Output / submission of forecast

Now that the model is built, let's read the test data and make a prediction. Let's implement and check as follows.

DataFrame dfTest = Csv.loader().load("titanic/test.csv");
DataFrame selectedDfTest = dfTest.selectColumns("Pclass", "SibSp", "Parch", "Fare");
Csv.save(selectedDfTest, "titanic/test_removed.csv");

ListDataSource dataource4test = csvLoader.loadDataSource(Paths.get("titanic/test_removed.csv"),"Survived");
List<Prediction> predicts = model.predict(dataource4test);
System.out.println(predicts);

However, CsvLoader.loadDataSource () seems to require the name of the objective variable in the second argument, and I passed" Survived ", but I get an error if test.csv does not have that" Survived ". I have.

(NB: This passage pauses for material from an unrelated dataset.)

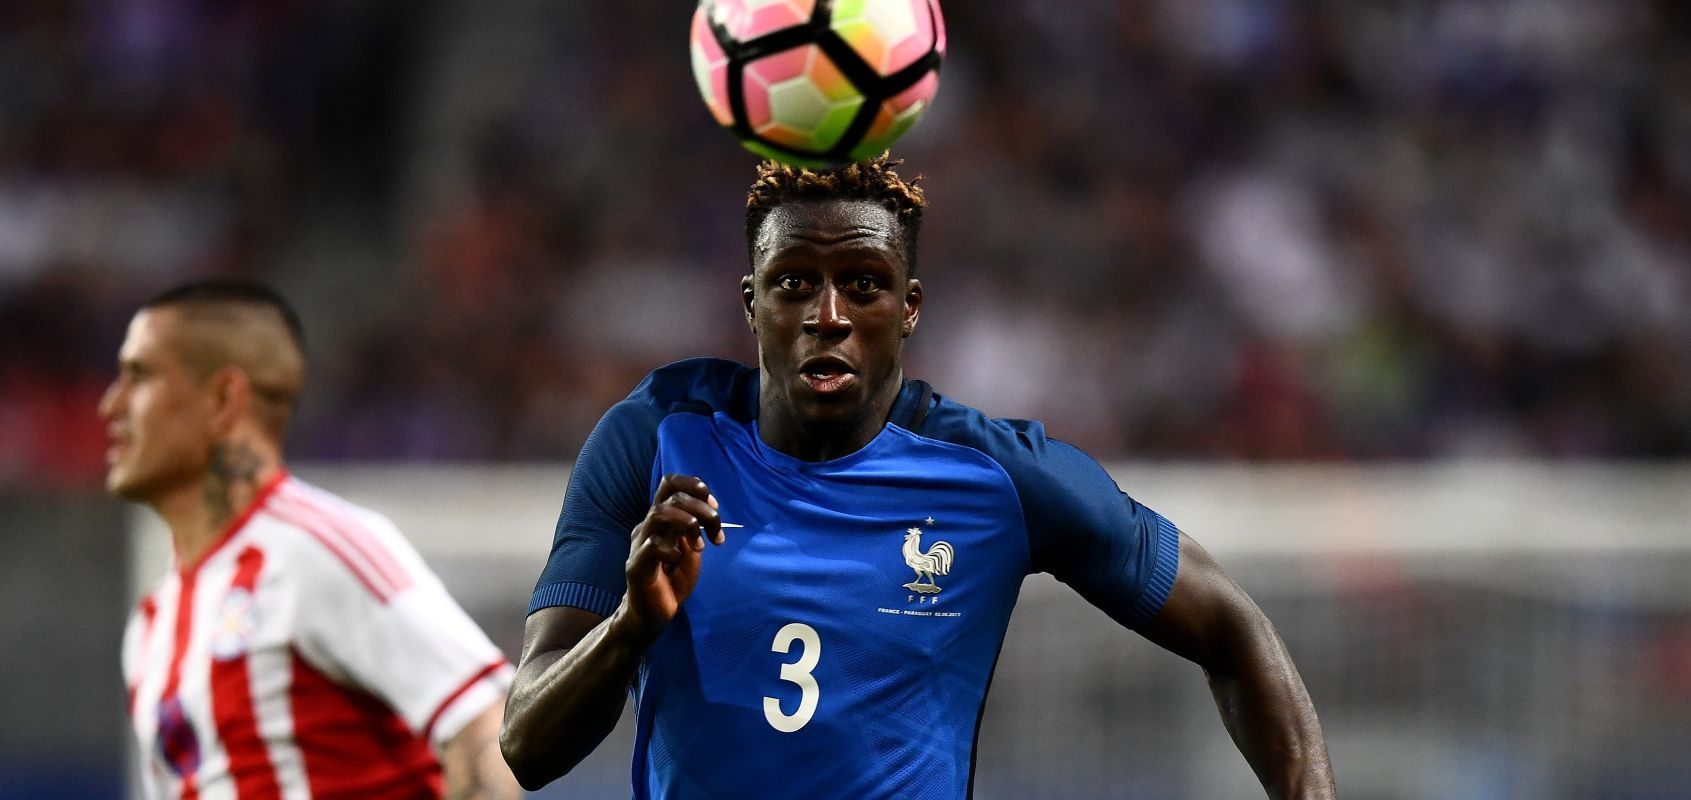 Potret Pemain Pemain Prancis Rasa Afrika Yang Tampil Di Piala Dunia
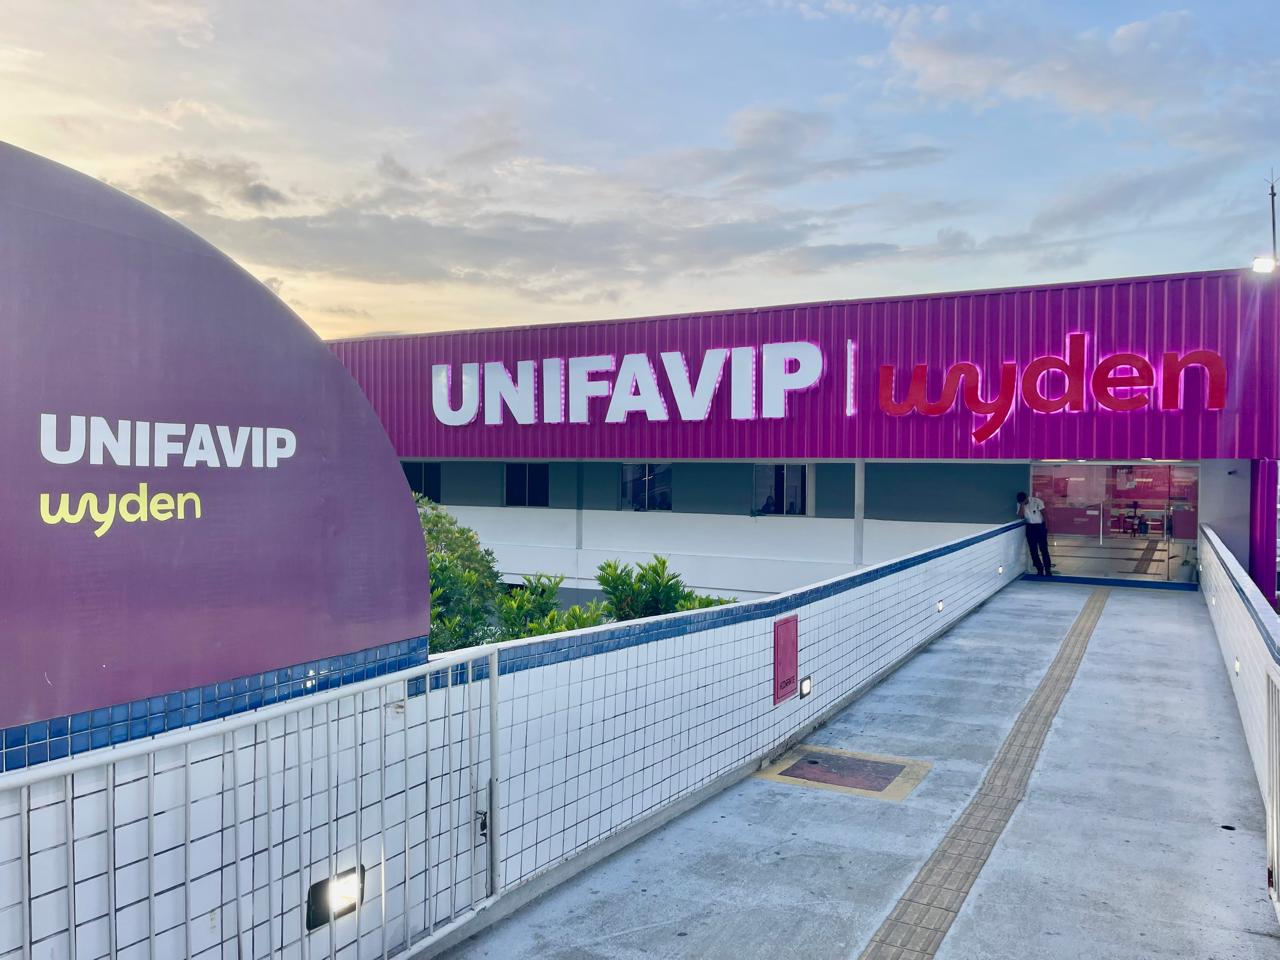 Em parceria com Receita Federal, UniFavip Wyden promove Plantão Fiscal gratuito

Exception in thread "main" java.lang.IllegalArgumentException: Response Survived not found in file file:/home/tamura/git/tribuo-examples/titanic/test_removed.csv
	at org.tribuo.data.csv.CSVLoader.validateResponseNames(CSVLoader.java:286)
	at org.tribuo.data.csv.CSVLoader.innerLoadFromCSV(CSVLoader.java:244)
	at org.tribuo.data.csv.CSVLoader.loadDataSource(CSVLoader.java:238)
	at org.tribuo.data.csv.CSVLoader.loadDataSource(CSVLoader.java:209)
	at org.tribuo.data.csv.CSVLoader.loadDataSource(CSVLoader.java:184)
	at org.tribuo.data.csv.CSVLoader.loadDataSource(CSVLoader.java:138)
	at TitanicSurvivalClassifier.main(TitanicSurvivalClassifier.java:74)

While complaining "Why should the objective variable be included in the CSV file", there is no help for it, so add the "Survived" column in the csv file for submission (gender_submission.csv) to DataFrame. , I decided to deceive.

DataFrame dfTest = Csv.loader().load("titanic/test.csv");
DataFrame dfSubmission = Csv.loader().load("titanic/gender_submission.csv");
DataFrame selectedDfTest = dfTest.selectColumns("Pclass", "SibSp", "Parch", "Fare");
selectedDfTest = selectedDfTest.hConcat(dfSubmission.dropColumns("PassengerId"));
Csv.save(selectedDfTest, "titanic/test_removed.csv");

ListDataSource dataource4test = csvLoader.loadDataSource(Paths.get("titanic/test_removed.csv"),"Survived");
List<Prediction> predicts = model.predict(dataource4test);
System.out.println(predicts);

When I run it thinking this time, the familiar exception is ...

Exception in thread "main" java.lang.NumberFormatException: empty String
	at sun.misc.FloatingDecimal.readJavaFormatString(FloatingDecimal.java:1842)
	at sun.misc.FloatingDecimal.parseDouble(FloatingDecimal.java:110)
	at java.lang.Double.parseDouble(Double.java:538)
	at org.tribuo.data.csv.CSVLoader.innerLoadFromCSV(CSVLoader.java:260)
	at org.tribuo.data.csv.CSVLoader.loadDataSource(CSVLoader.java:238)
	at org.tribuo.data.csv.CSVLoader.loadDataSource(CSVLoader.java:209)
	at org.tribuo.data.csv.CSVLoader.loadDataSource(CSVLoader.java:184)
	at org.tribuo.data.csv.CSVLoader.loadDataSource(CSVLoader.java:138)
	at TitanicSurvivalClassifier.main(TitanicSurvivalClassifier.java:73)

Looking at test.csv, there is only one missing value in the "Fare" column ... This missing value is also an empty string (" "), not null, so DataFrame.fillNulls () cannot be used. .. As a result of examining the source code, I found that the empty string can be replaced by the following writing method.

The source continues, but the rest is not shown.